Der Einfluß des Barbarismus, der ganz Italien — mit einer zeitweiligen Ausnahme in Ravenna, das, wie wir sahen, unter dem Einfluß von By-zanz stand — erfaßte, wurde schließlich übermächtig. S. Apollinare in classe, die große, heute in den Feldern liegende Basilika des Hafens von Ravenna, ist ein Beispiel dafür. Ihre Mosaiken stammen aus der zweiten Hälfte des 7. Jahrhunderts n. Chr., und der Verfall, der in ihnen deutlich wird, kann nicht übersehen werden. Während die künstlerische Form abnimmt, wird der mystische Symbolismus stärker, ein rustikal-primitives Element herrscht vor. Die Strenge der Zeit Justinians, die den Formen Stütze gab, ist geschwunden. Damit ist in großen Zügen die künftige Entwicklung der abendländischen Malerei schon angedeutet, die erst aus einer Verkümmerung ihrer Möglichkeiten, aus einer Reduktion ihres Formvermögens wieder zu einer Anschauung findes sollte, die die- Fülle des Daseins und den transzendenten Inhalt in eine geschlossene Form bannen konnte.
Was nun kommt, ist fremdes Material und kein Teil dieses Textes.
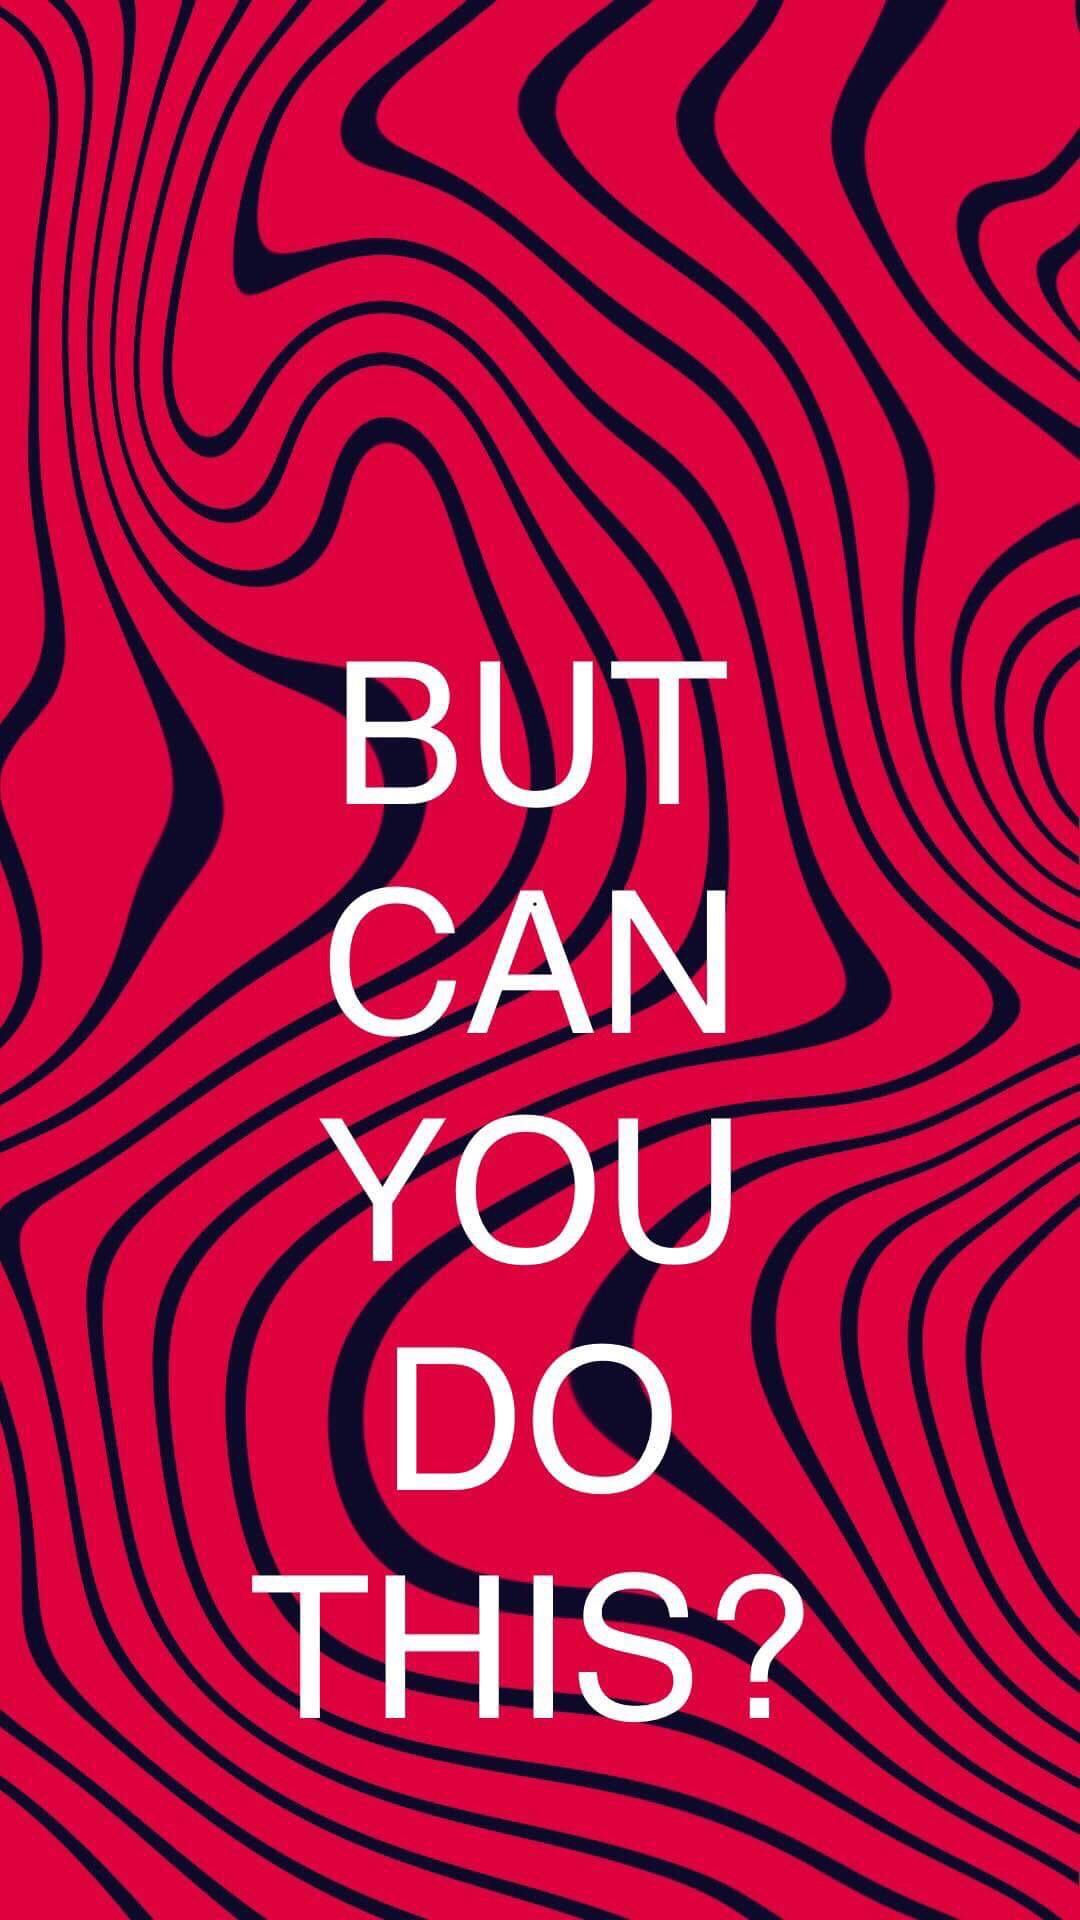 My friend made a pewdiepie themed screen paper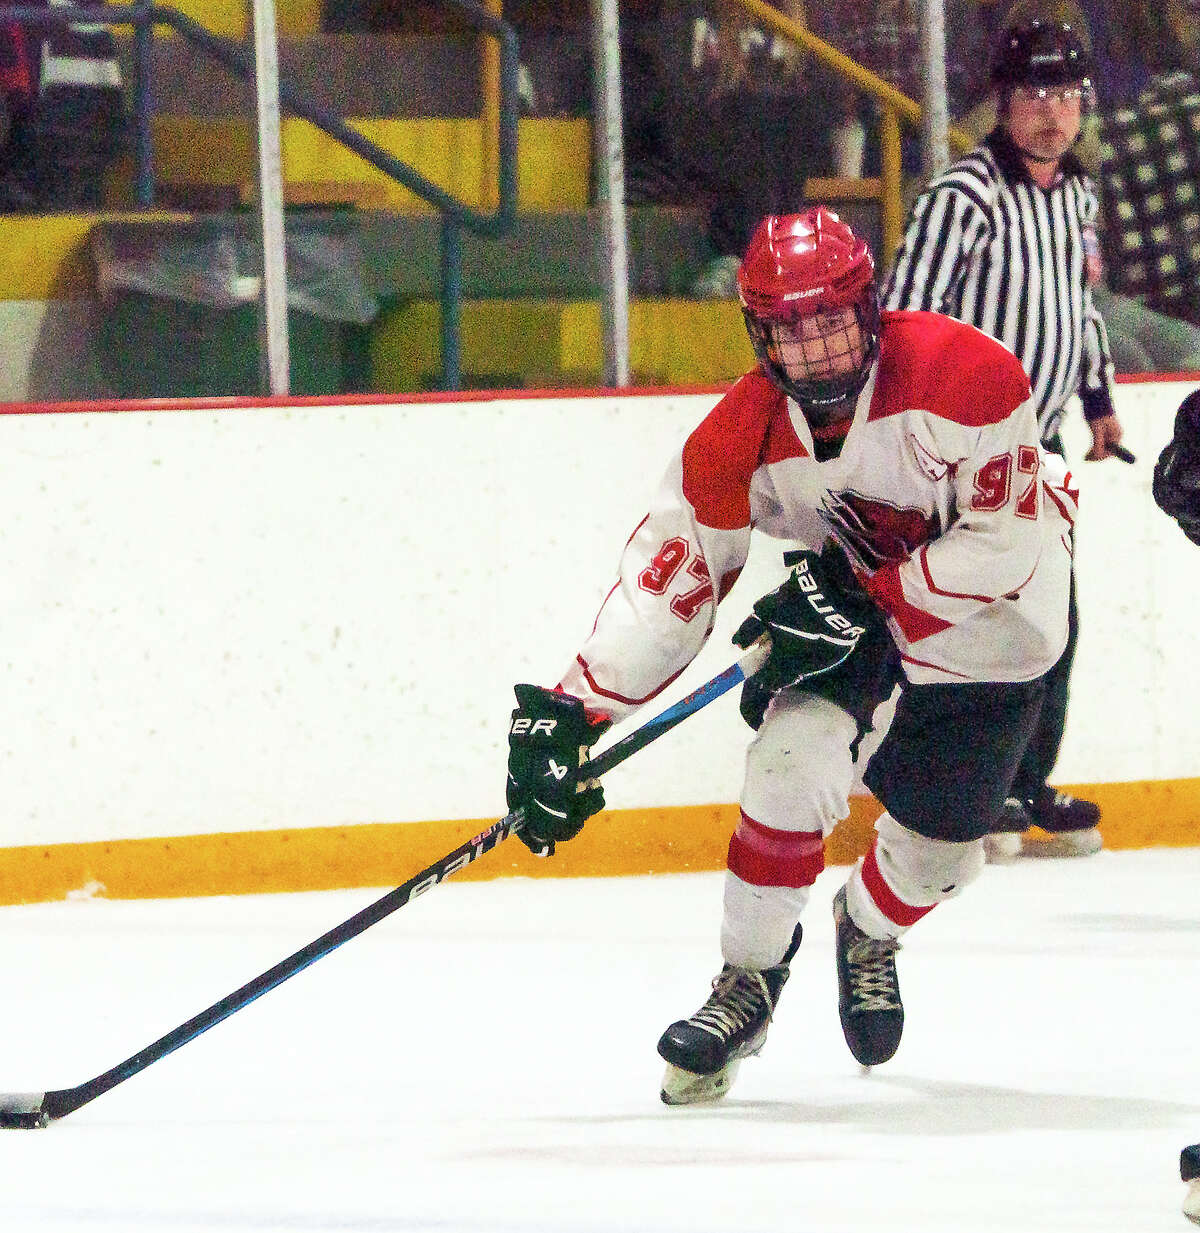 Colton Thompson of Alton scored a goal in his team's 3-3 tie with Vianney Tuesday in East Alton.

Ravenna zeigt sich so als ein Knotenpunkt, in dem sich antik-klassisches Erbe in letzter Abwandlung mit den Einflüssen des Ostens trifft, dem dekorativen flächig gebundenen Stil Byzanz', der auf der Farbe beruht und die Linearität des Orients beinhaltet und dann durch die Einflüsse und die Zerstörungen der Barbarei sinkt auf jenes formalistische Stammeln, das durch eine Vorstellungswelt bestimmt wird, die aus den Nebeln des Nordens kommend erst jenen nun durch das Christliche verklärten Weg zur menschlichen Gestalt zu finden hatte, den die Antike lange vor ihr mit unbefangenem Lächeln gegangen war.